Очень важно, чтобы русскоязычное население понимало, что 1940 год был для эстонского народа большой трагедией. И так же важно, чтобы эстонская сторона понимала, ЧЕМ была для русских, русскоязычных людей Отечественная война, борьба с фашизмом. Если такое понимание будет, я думаю, общий язык можно найти. Новая Интеграционная программа и предусматривает, чтобы было больше мероприятий, где о таких важнейших, болезненных вещах говорили бы, чтобы в совместных обсуждениях находили рациональное зерно. И в этом смысле то, что городские власти Таллинна организуют широкое обсуждение ситуации с Бронзовым солдатом, дальнейшей судьбы мемориала с участием разных сторон, думается, правильно. Тут важен, на мой взгляд ученого, даже не столько конечный результат, сколько именно сам ход обсуждения, способ принятия решения: односторонне или с учетом мнений разных сторон? Важен процесс достижения взаимопонимания в ходе этих дискуссий. Тем более что сам Бронзовый солдат — это ведь фактически символ сложнейшего комплекса проблем, которые за всем этим стоят.
— В ходе одного из недавних исследований, в котором участвовали известные эстонские социологи, вы, насколько я знаю, написали интереснейшее эссе, где, кроме всего прочего, говорите и об отношениях между Россией и Эстонией. Злободневная тема… В этом смысле год заканчивается далеко не так хорошо, как хотелось бы…
— Эссе, о котором вы упоминаете, называлось «Большое общество». Если говорить коротко, я попробовал проанализировать три уровня, которые важны для конструирования эстонского идентитета. Это отношения между Эстонией и Россией, в историческом плане эстонский идентитет развивался именно в отношениях с Россией и к России. Другой уровень — это эстонцы и русские. И третий — эстонцы внутри себя, своего сообщества. Там рассматривались и другие уровни: мужчины и женщины, богатые и бедные и т.д. Но главной целью этого исследования было посмотреть, как, собственно, формируется, конструируется эта граница между «мы» и «они».
Я говорил об открытости и закрытости… Вы ведь знаете, эстонцы — закрытый народ. Исторически эта закрытость для эстонцев была очень важна.
— Как самозащита?
— Вот именно. Маленький народ среди больших наций, империй… Спасти, сохранить себя, свой язык, свой идентитет можно было только так. Кстати, в начале 90-х эта закрытость, стремление к самозащите проявились очень явственно. И в принятии законов о гражданстве, об иностранцах, и в отношениях с Россией. В 91-м году Эстония обрела государственную независимость, но мы ведь не стали сразу другими людьми. Слишком тяжел исторический груз, исторический опыт. Прошлое продолжает жить в нас, и то, что произошло в начале 90-х, было в общем-то логично, это реакция на то, что было прежде, что пережил эстонский народ.

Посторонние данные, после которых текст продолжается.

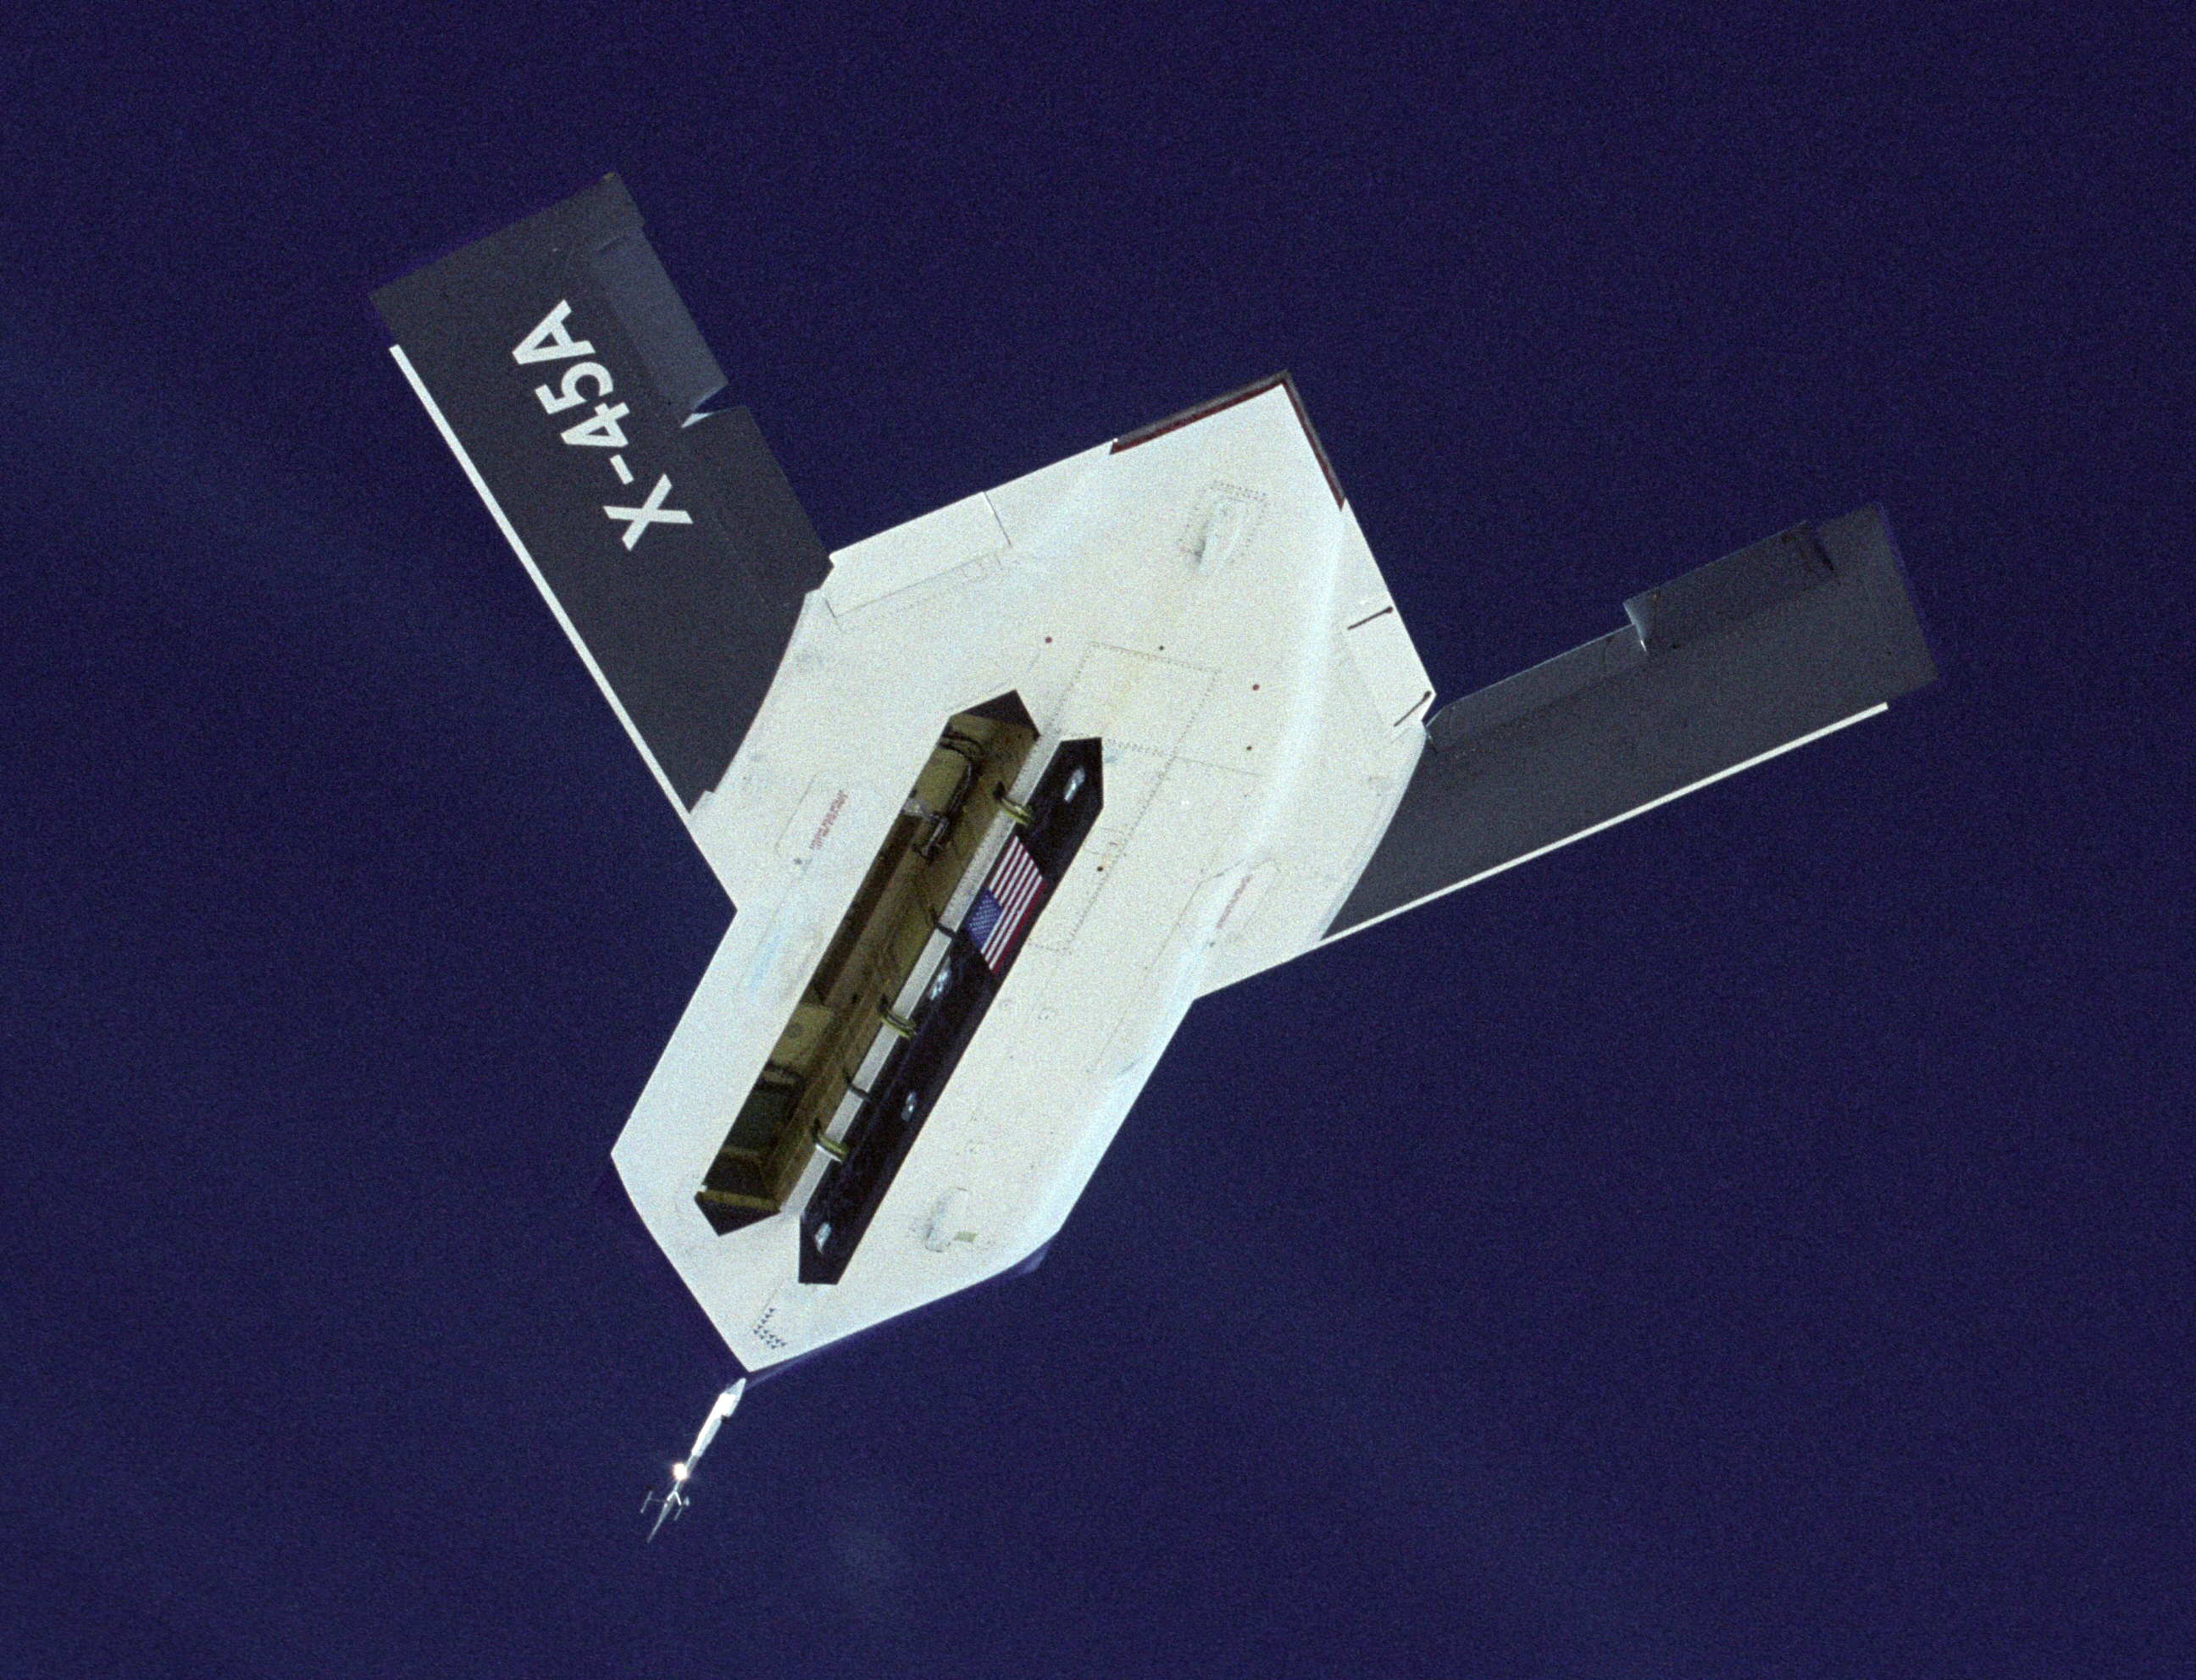 Boeing X-45

— Но ведь времена изменились. Надо ли жить, все время оглядываясь назад?
— Да, время теперь другое, новые вызовы. И мы видим, что для эстонского идентитета все большее значение приобретает открытость. Это не значит, конечно, что от закрытости надо совсем отказаться. Да это и невозможно. Но, очевидно, теперь нужна иная, более соответствующая времени пропорция открытости и закрытости. Сегодня та закрытость, которая была у нас прежде, не отвечает национальным интересам Эстонии. В других европейских государствах больше открытости, она, эта открытость, является для них существенным ресурсом. Эстония же пока не использует этот ресурс. В прошлые времена ресурсом Эстонии была именно закрытость, но сейчас так быть уже не должно. Сейчас национальным интересам Эстонии больше соответствует открытость. Хотя прошлое продолжает сильно тяготеть над нами.
Более того… Разные политические партии используют это прошлое в своих интересах. И тут, как говорится, все методы хороши. Это сильно сказывается на политическом развитии Эстонии.
— Вы говорите, что нужна большая открытость на Запад? А на Восток? На Запад-то уже и так как будто открылись…
— Это как бы общий ход размышлений. Большая открытость нужна и просто между людьми. Эстонцы ведь очень закрыты даже в семейных отношениях.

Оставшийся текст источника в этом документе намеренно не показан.